Stay with me, let’s look at an example to understand what this means.

First let’s look at some of the terminologies

Merge =

  • List of classes C1 C2 C3 C4 …. CN
  • C1 is the head, C2 … CN is the tail
  • Take the head of the list
  • If this head is not in the tail of any of the other lists then add it to the linearization of the class and remove it from the lists in the merge
  • Otherwise look at the head of the next list
  • Repeat this until all the classes inside the merge are removed or until it’s impossible to find any other heads.

Let’s look at a multi level inheritance tree

Multi Level Inheritance Tree

L(O)         = O (Root Class)

L(D)         = DO ( D first then O )

L(E)         = EO ( E first then O )

L(F)         = FO ( F first then O )

These are the simple cases since its a single level inheritance.

Now comes the more complicated scenarios, linearization of B:

L(B)        = B + merge (L(D) + L(E), DE )

                ~ The class itself + merge ( Linearization of parents of B + list of parents of B )

                = B + merge (  DO, EO, DE )

                ~ Substituting L(D) and L(E) with the lists we found earlier )

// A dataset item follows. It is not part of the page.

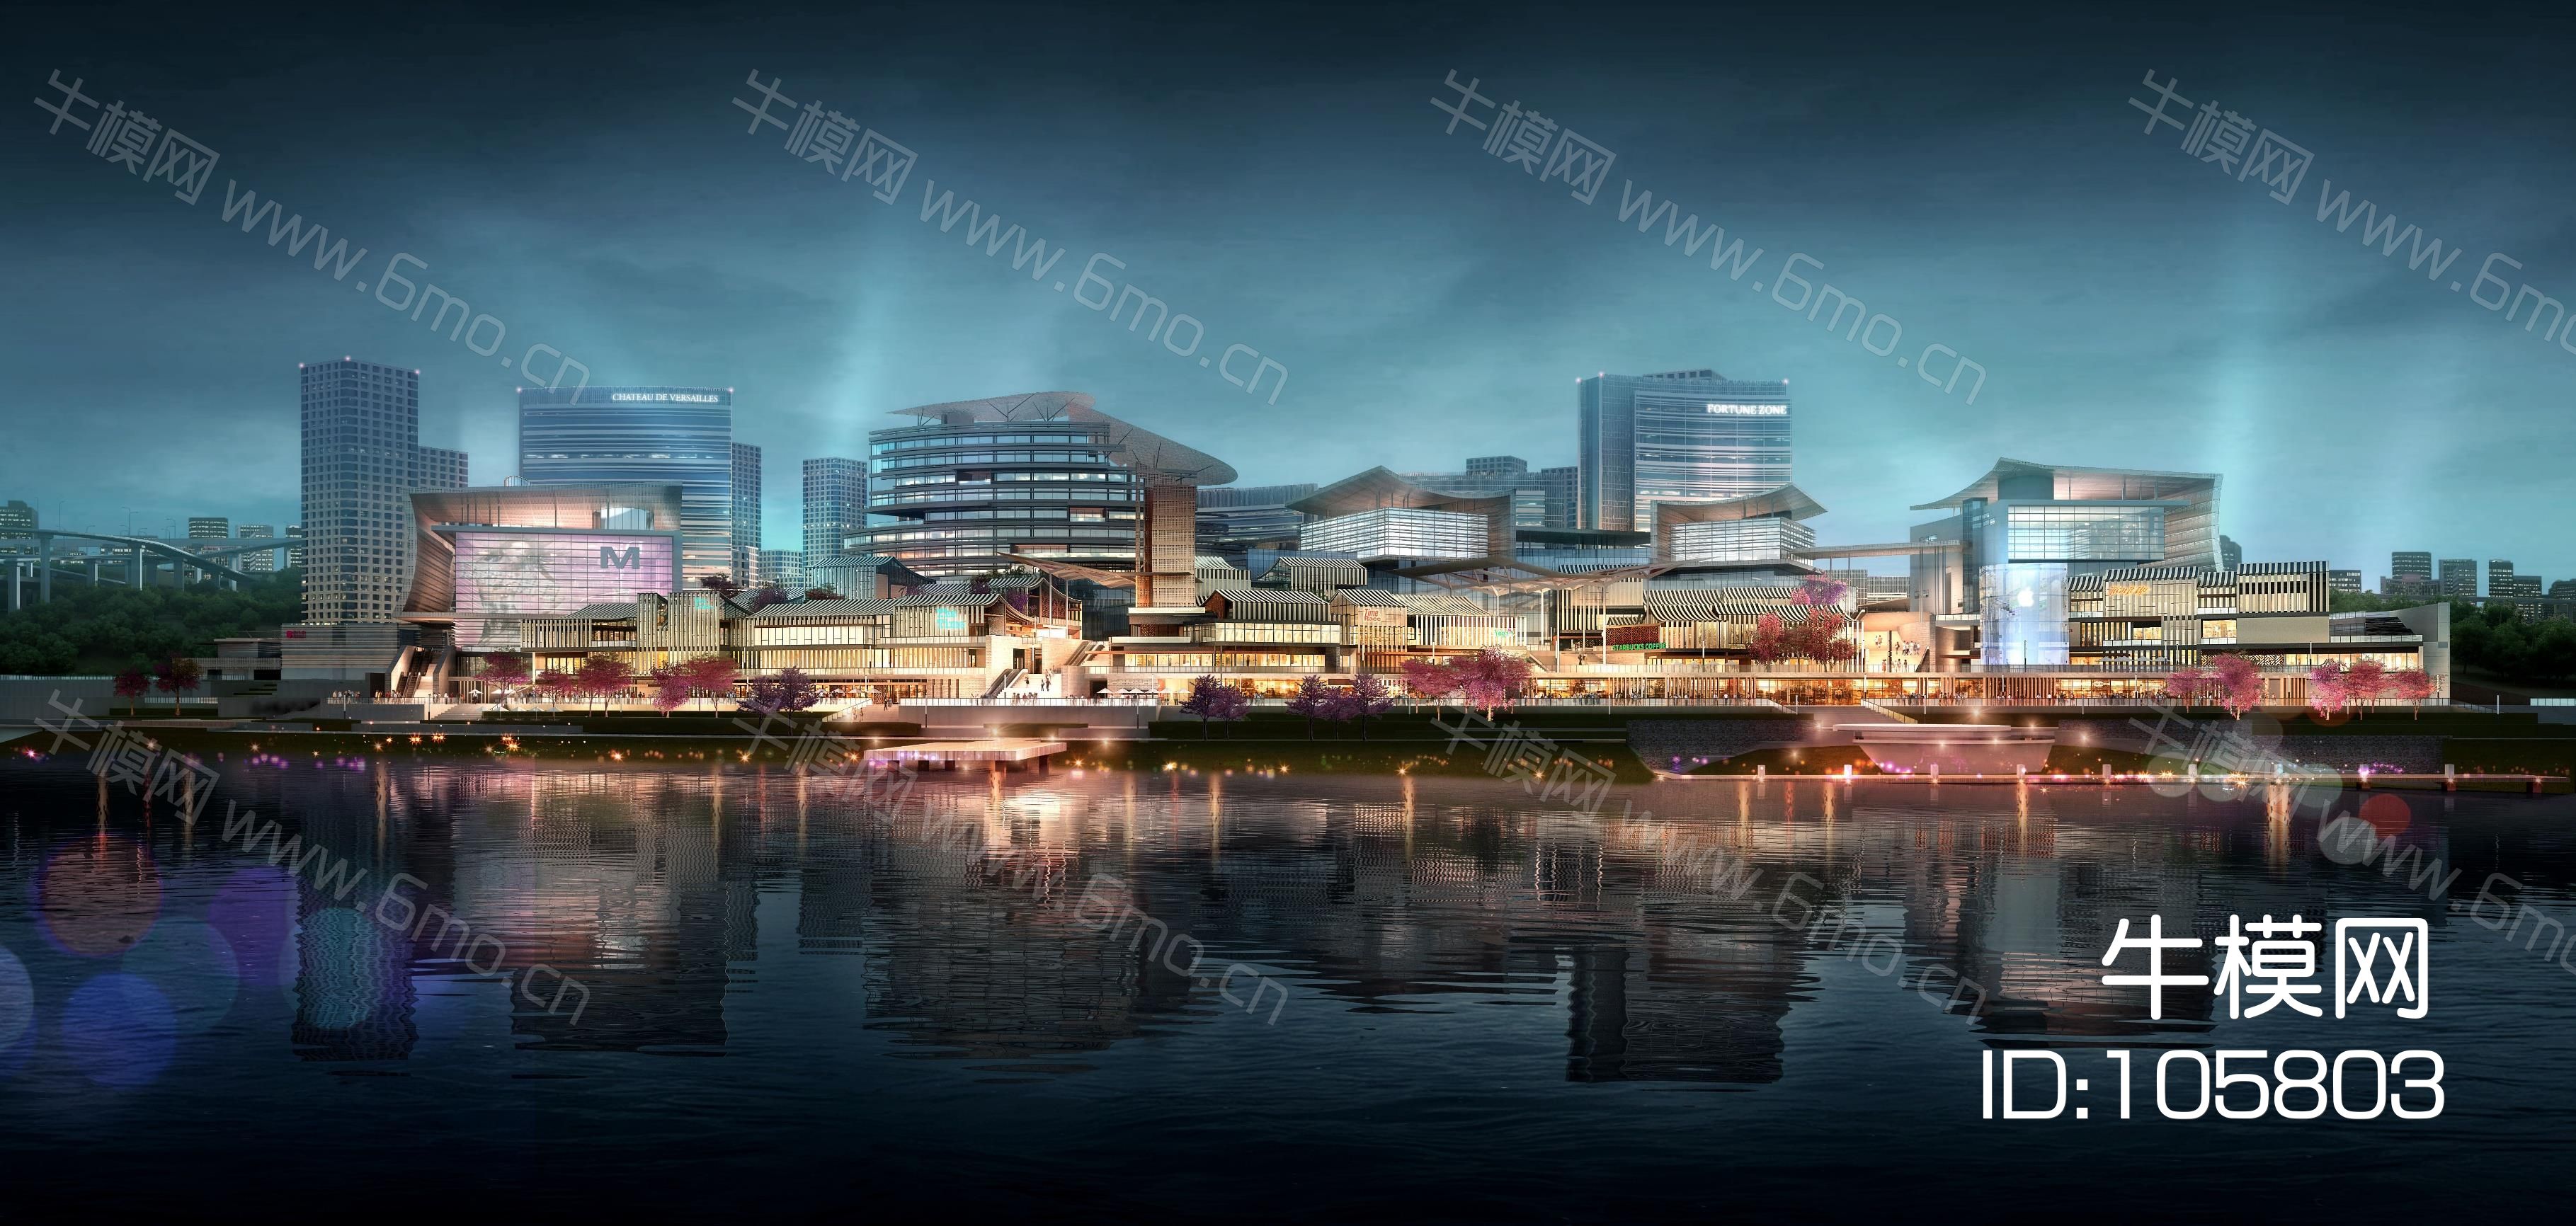 重庆巴南区巴滨路商业项目概念设计天华

                = B + D + merge (O, EO, E )

        ~ Let’s start with the DO list and D, D is not in the tail of any of the other lists so we can add to the linearization of B

        = B + D + E + merge ( O, O)

        ~ We move onto O next, O is present in the tail of the second list, hence its not a good head. So we move to the next list and consider E. E can be linearized because in the third list its all alone.

        = B + D + E + O

        ~ Since O is the only remaining class.

Therefore L(B) = B D E O

In a very similar fashion

L(C)        = C + merge(L(D), L(F), DF)

Following the process of L(B)

L(C)         = C D F O

Going one level further

L(A)        = A + merge( L(B), L(C), BC)

        = A + merge ( BDEO, CDFO, BC )

        ~ Substituting L(B) and L(C) with the lists we found earlier

        = A + B + merge ( DEO, CDFO, C )

        ~ Since B is not present in the tail of any of the lists

        = A + B + C + merge ( DEO, DFO )
        ~ Since D is in the tail of the second list, we move on to the next list, first class, C, its present in the third list and C is the only class, so C can be added to the linearization

        = A + B + C + D + merge ( EO, FO )

        ~ Since D is not present in the tail of any of the lists

        = A + B + C + D + E + merge ( O , O )

        ~ Since E is not present in the tail of any of the lists

        = A + B + C + D + E + O

        ~ Since O is the only remaining class

Therefore L(A) = A B C D E O

Why use New Style Classes / Monotonic Problem

Monotonic Problem Example

class A: pass
class B: pass
class C(A, B): pass
class D(B, A): pass
class E(C, D): pass
print "Success"

Old Style:
>> Success
New Style:
>> Cannot create a consistent MRO for bases A, B

The tree which we have here should not exist in the first place since it’s wrong.

But in old style classes, this gets executed. Where as in the new style classes Python throws an error.


When dealing with multi level inheritance situations it’s always important to keep in mind the MRO to structure your classes well.

In Python3, the mro() method is available to check the MRO of a given class.